**WHAT NEEDS TO BE DONE:** Reproduction of part of the material below, pictures omitted: copy exactly, and only, the lines starting with the one with "Pair of midcentury" and going on through the one with "Pierluigi Spadolini (Florence, 5".

**DATA SUPPLIED:**
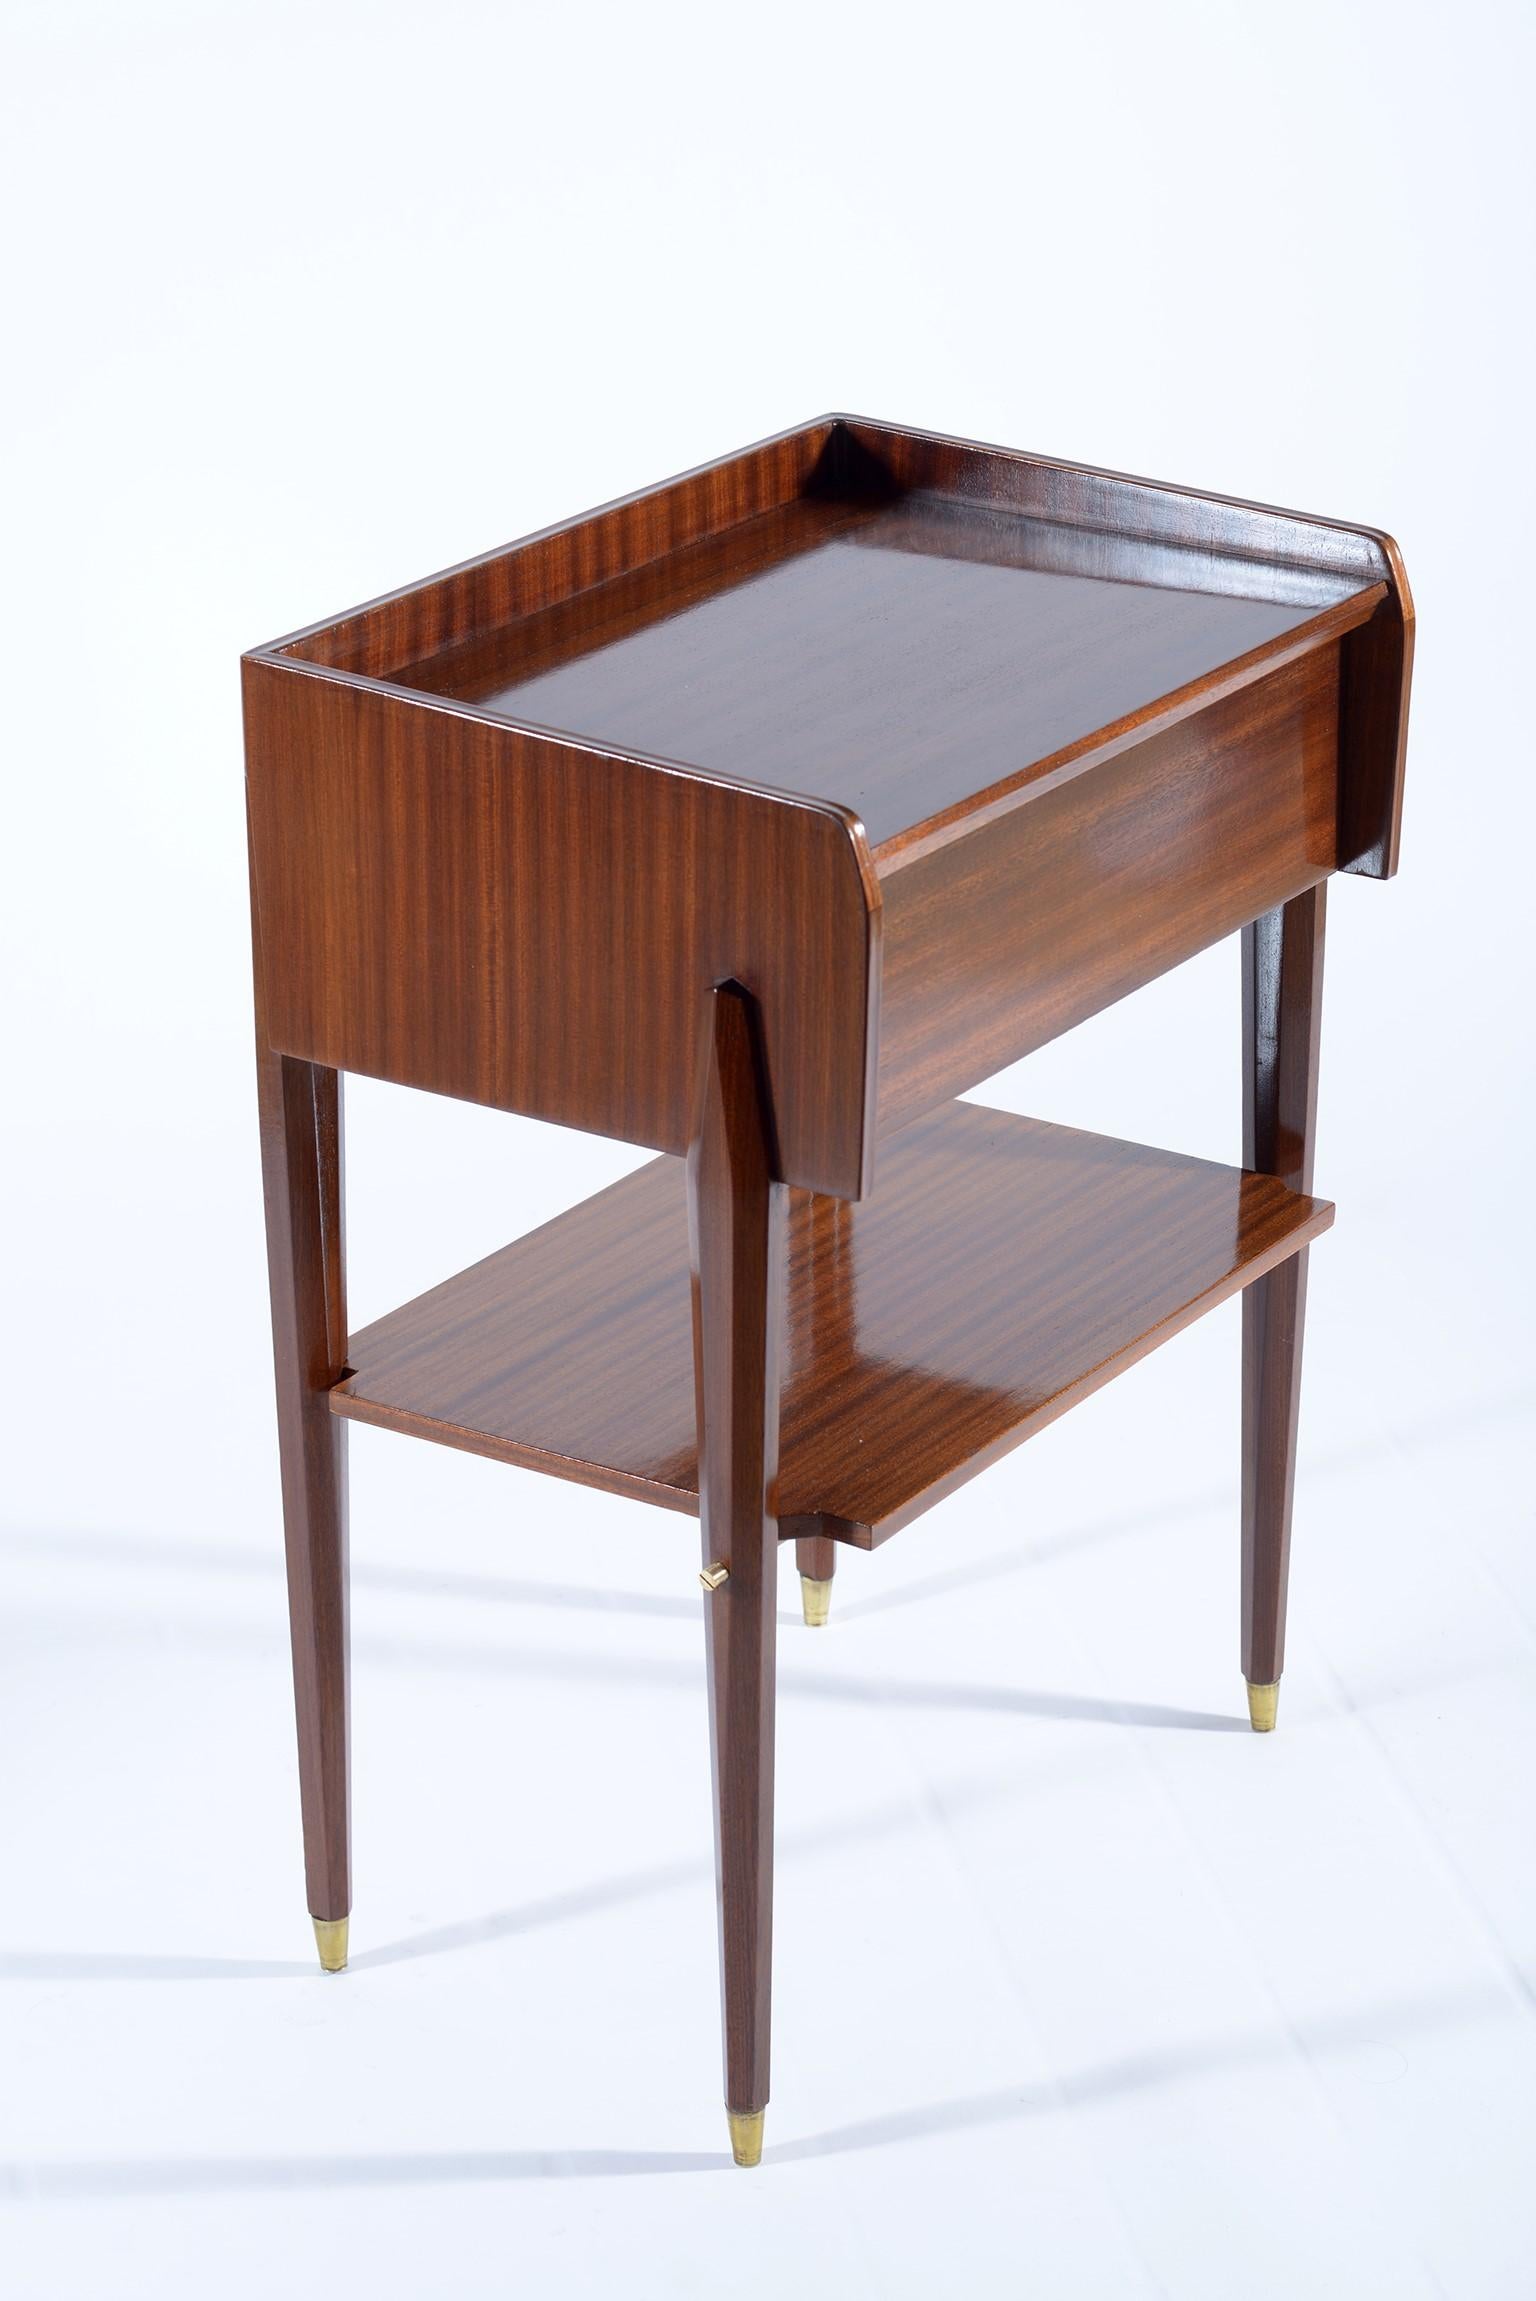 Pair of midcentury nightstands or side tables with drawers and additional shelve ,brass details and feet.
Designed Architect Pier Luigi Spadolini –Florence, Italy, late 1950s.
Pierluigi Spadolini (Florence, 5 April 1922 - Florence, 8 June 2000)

* * *

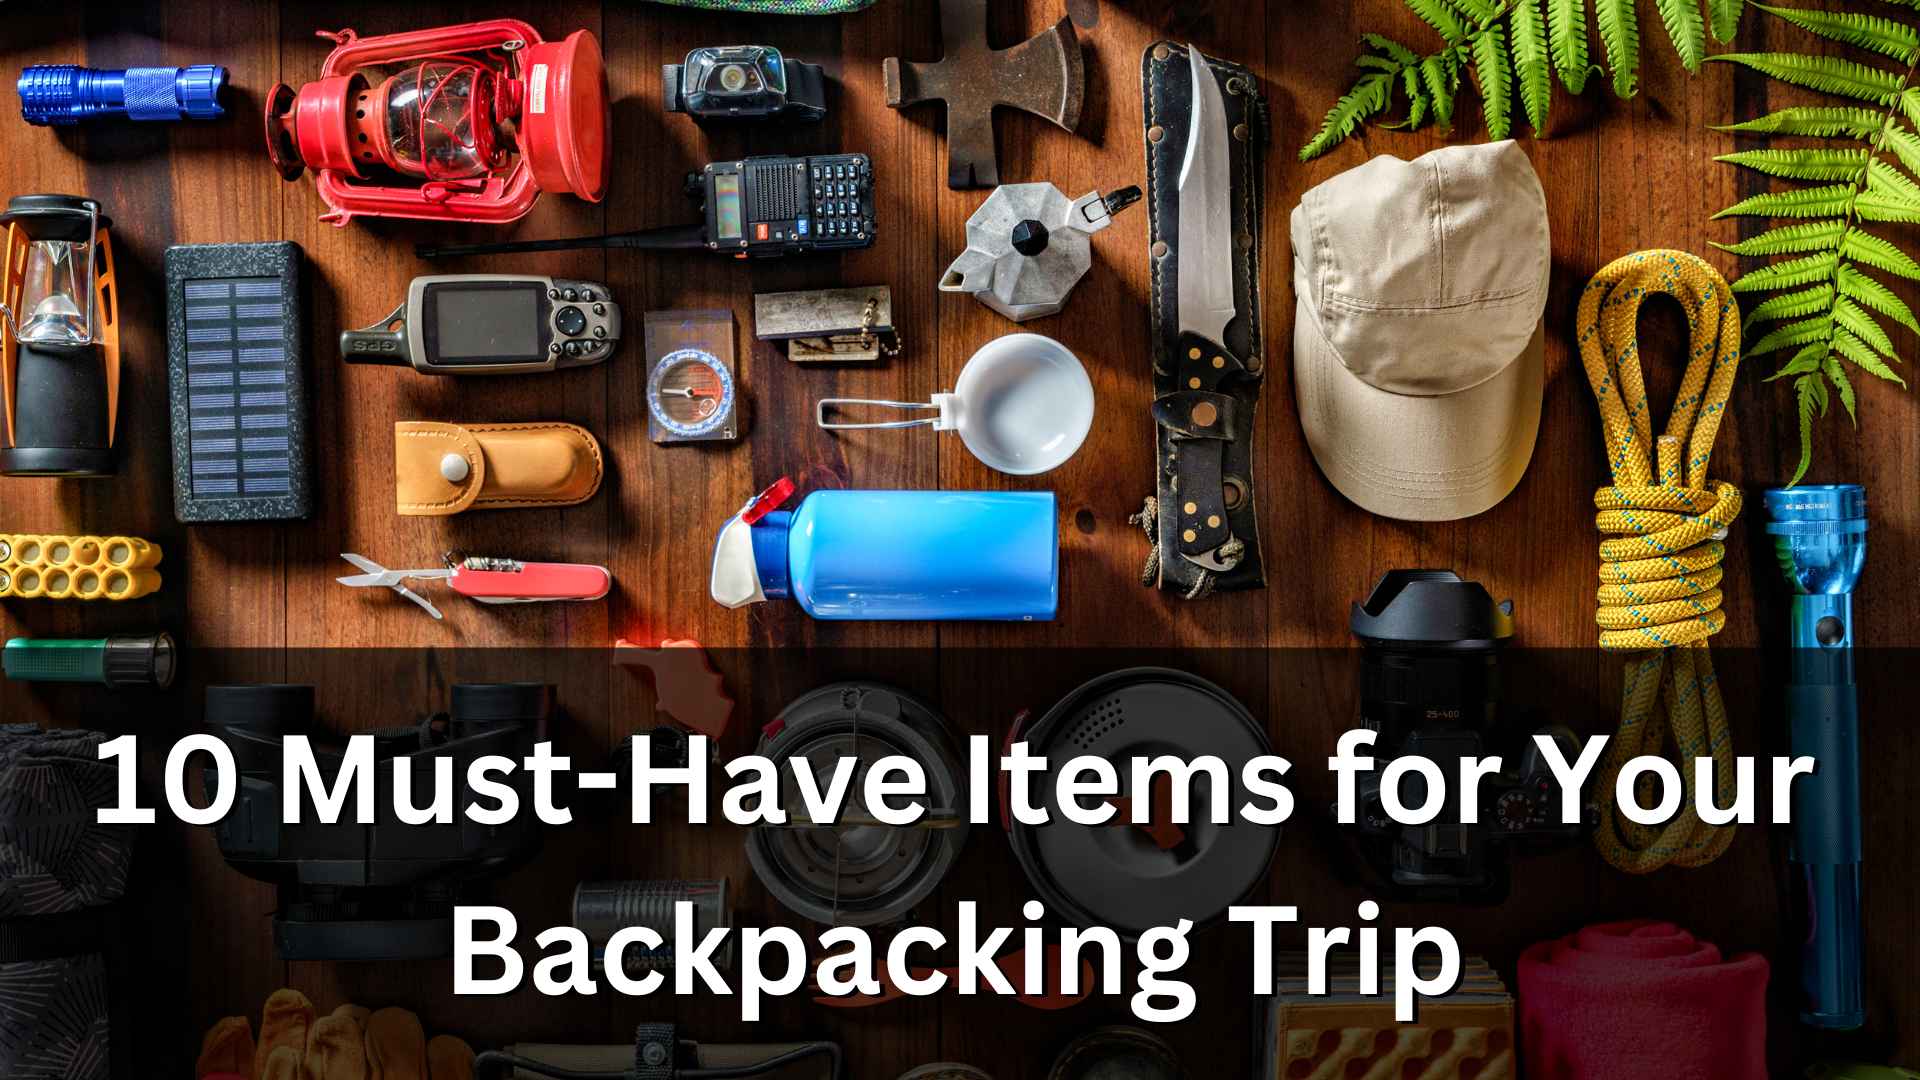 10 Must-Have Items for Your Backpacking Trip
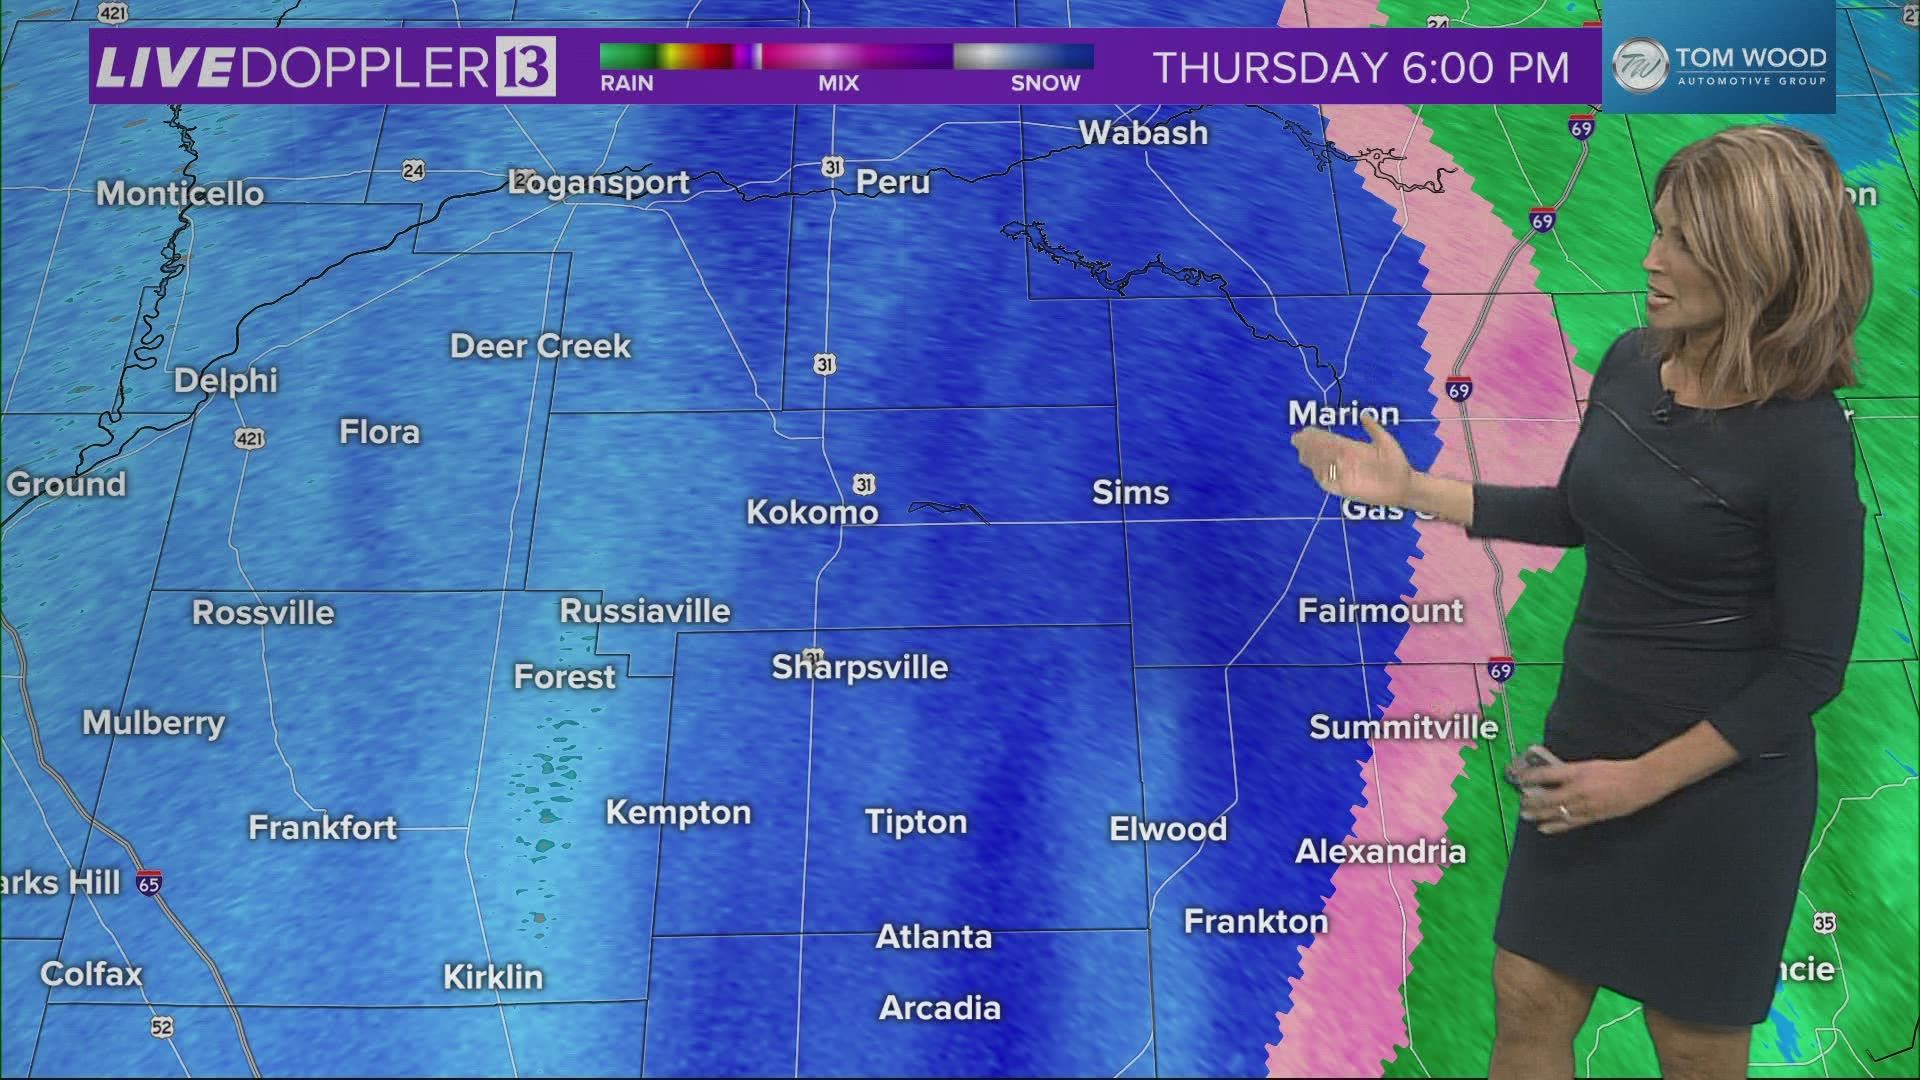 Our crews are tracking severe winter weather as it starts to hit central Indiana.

--

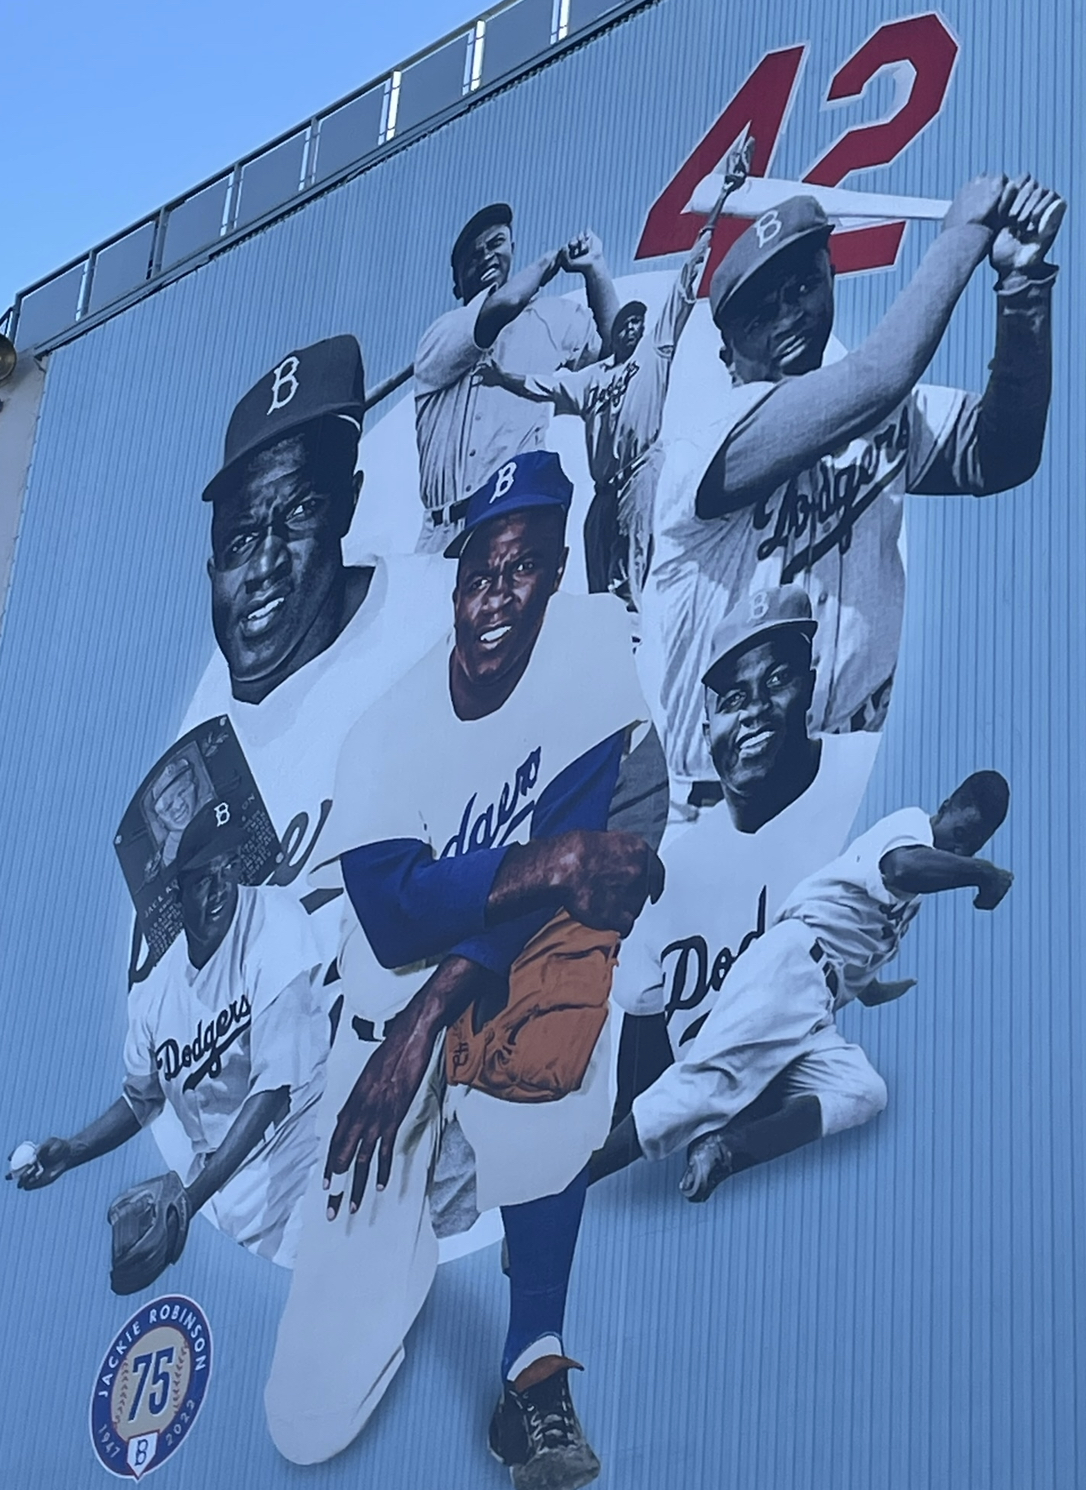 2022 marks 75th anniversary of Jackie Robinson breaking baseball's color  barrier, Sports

**ANSWER AREA:**
 Pair of midcentury nightstands or side tables with drawers and additional shelve ,brass details and feet.
Designed Architect Pier Luigi Spadolini –Florence, Italy, late 1950s.
Pierluigi Spadolini (Florence, 5 April 1922 - Florence, 8 June 2000)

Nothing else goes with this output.